Now, if you're older than say, 24, you probably remember a time when video games didn't hold your hand every five minutes (or seconds, if we're being honest about most AAA titles today). The fast-food variety of tutorial interface (big bubbly text and arrows pointing everywhere) had yet to become the standard, so you were either assaulted with massive text boxes in an ugly font, or next to nothing. The only option then was to *GASP* read the manual! Don't get me wrong, as a kid, reading a manual was the next best thing to actually playing a game (sometimes better if there were cool pictures or diagrams).
And so it was that I turned to the manual-turned-PDF that came with my digital download of the game, only to find that the damn thing is just barely north of 20 pages, 4 of which are introductory or system instructions, 5 pages of credits, and an extremely poorly written digest of the in-game tutorial that spans 4 more pages. This leaves a few pages of vague descriptions of various buildings and units - nothing regarding their requirements or uses.
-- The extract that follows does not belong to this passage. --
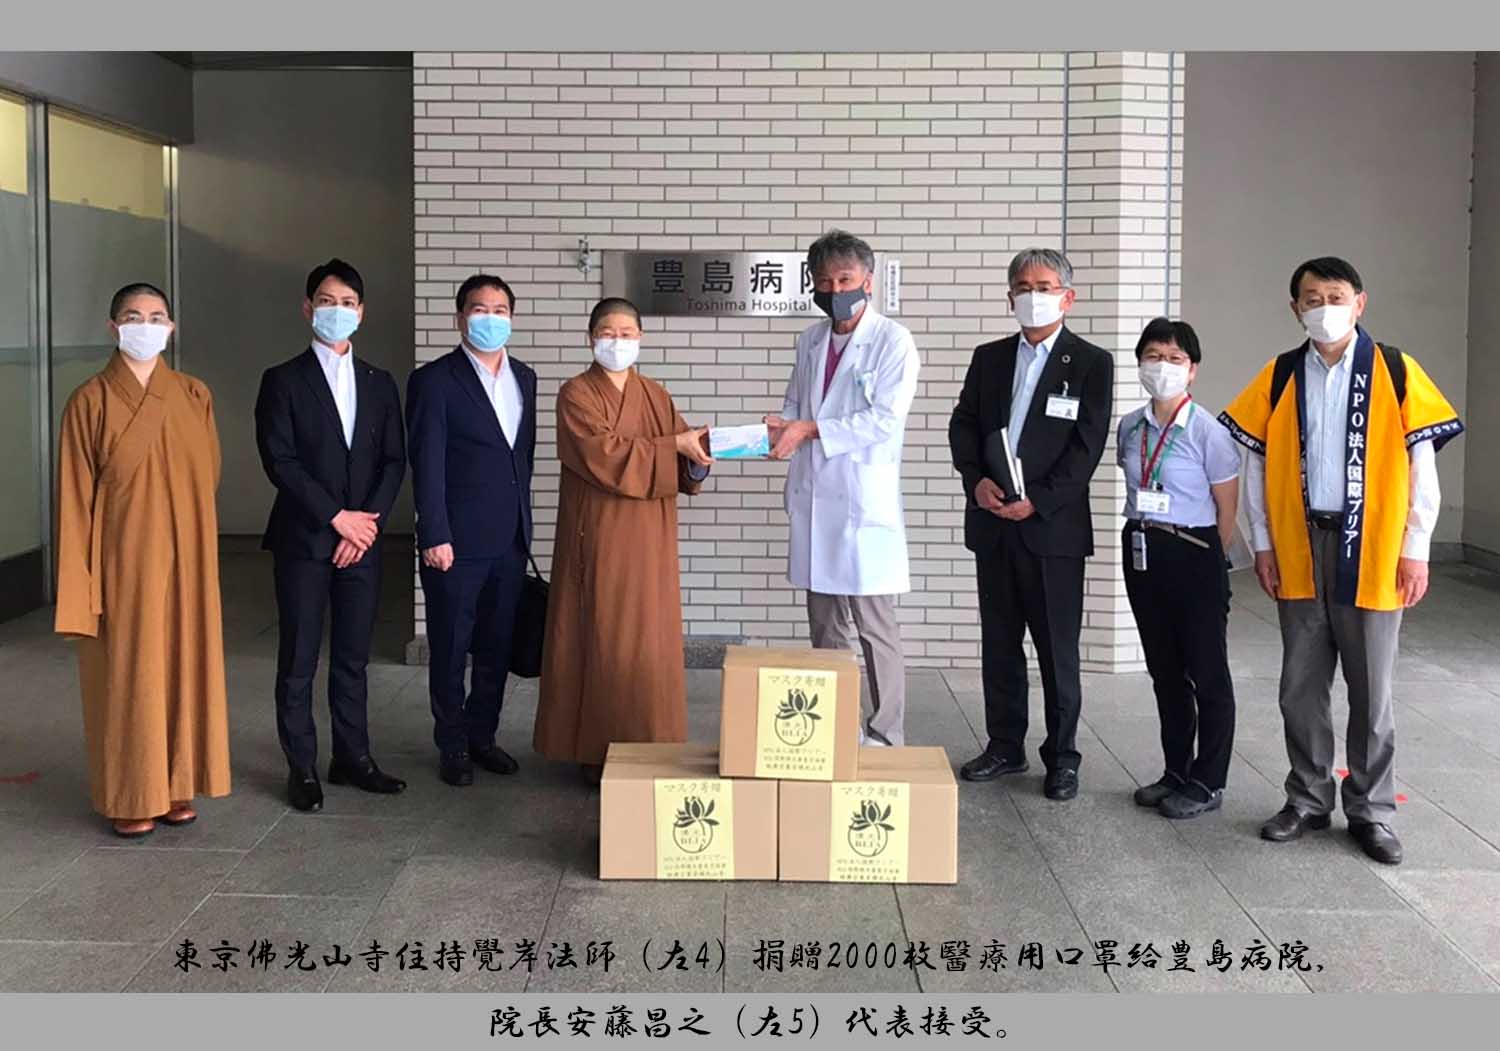 3東京佛光山寺住持覺岸法師（左4）捐贈2000枚醫療用口罩給豊島病院，院長安藤昌之（左5）代表接受。.jpg
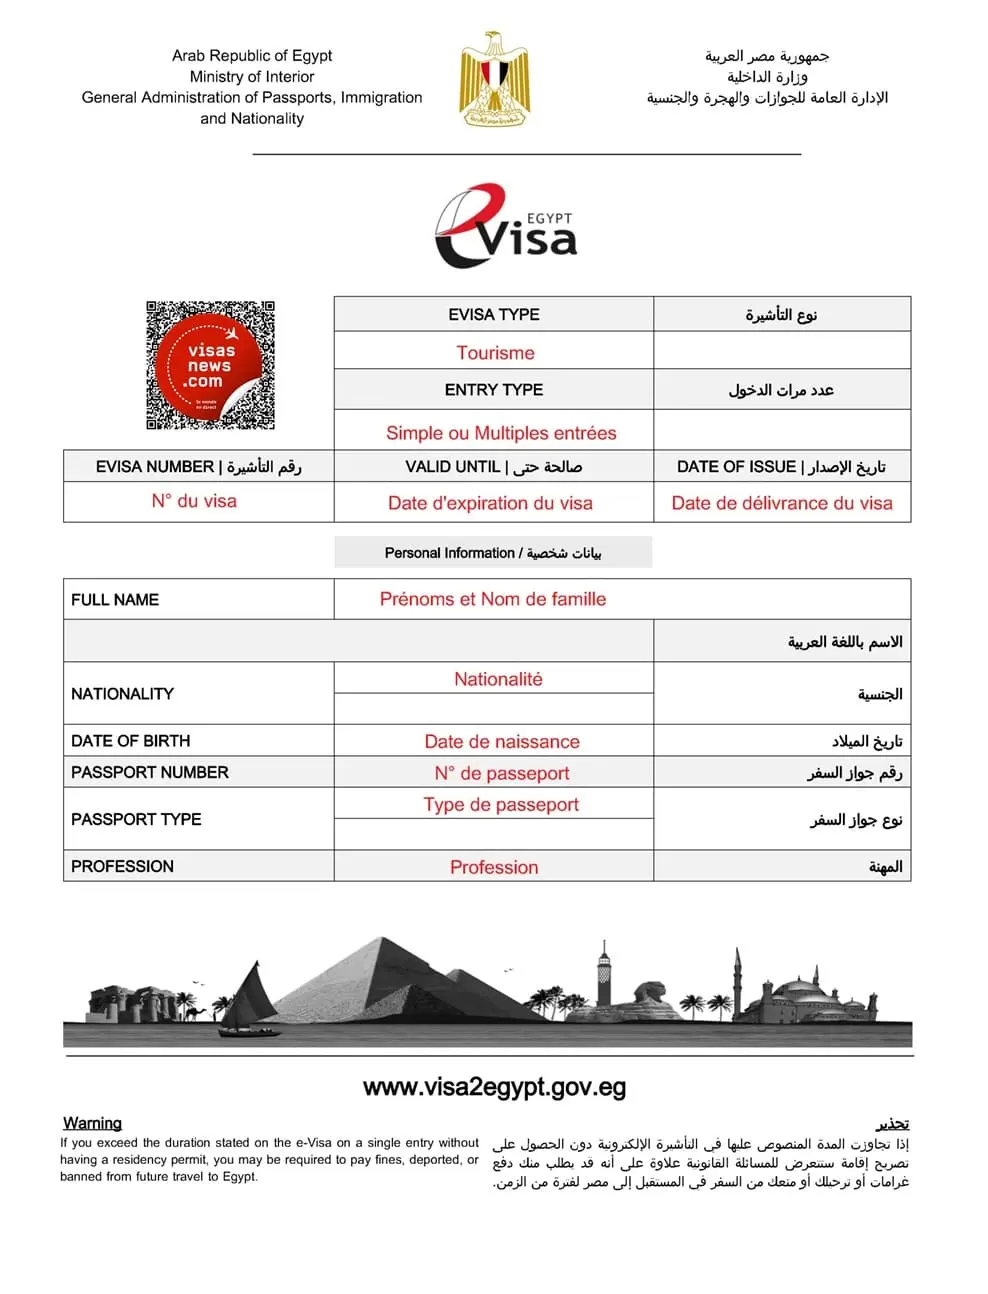 Exemple de visa électronique (e-Visa) pour l'Égypte

Total BS! By comparison, most games from around the same era have an 80-page booklet detailing absolutely everything the game has to offer, often times including detailed statistical information that may or may not appeal to the sort of people that buy these games to begin with. Emperor (the last game in Sierra's ancient-civilization city-builder series), which came little more than a year later and is no less complex, has a 150-page booklet (and a sort-of extensive, if old-school style, tutorial). Total BS!
That said, the game is very entertaining and interesting, so much so that I'm inclined to use the map editor to create a map that would serve as a real tutorial to teach the ins-and-outs of the game. The game, which, nobody is likely ever to play as more resources were poured into Settlers II: 10th Anniversary, released 7 years later and Settlers HD (available for all manner of mobile devices). Apparently there are other games in the series as well, but of course, by the time those were released I was already knee-deep in the legendary DS and PS2 titles pouring out of Japan.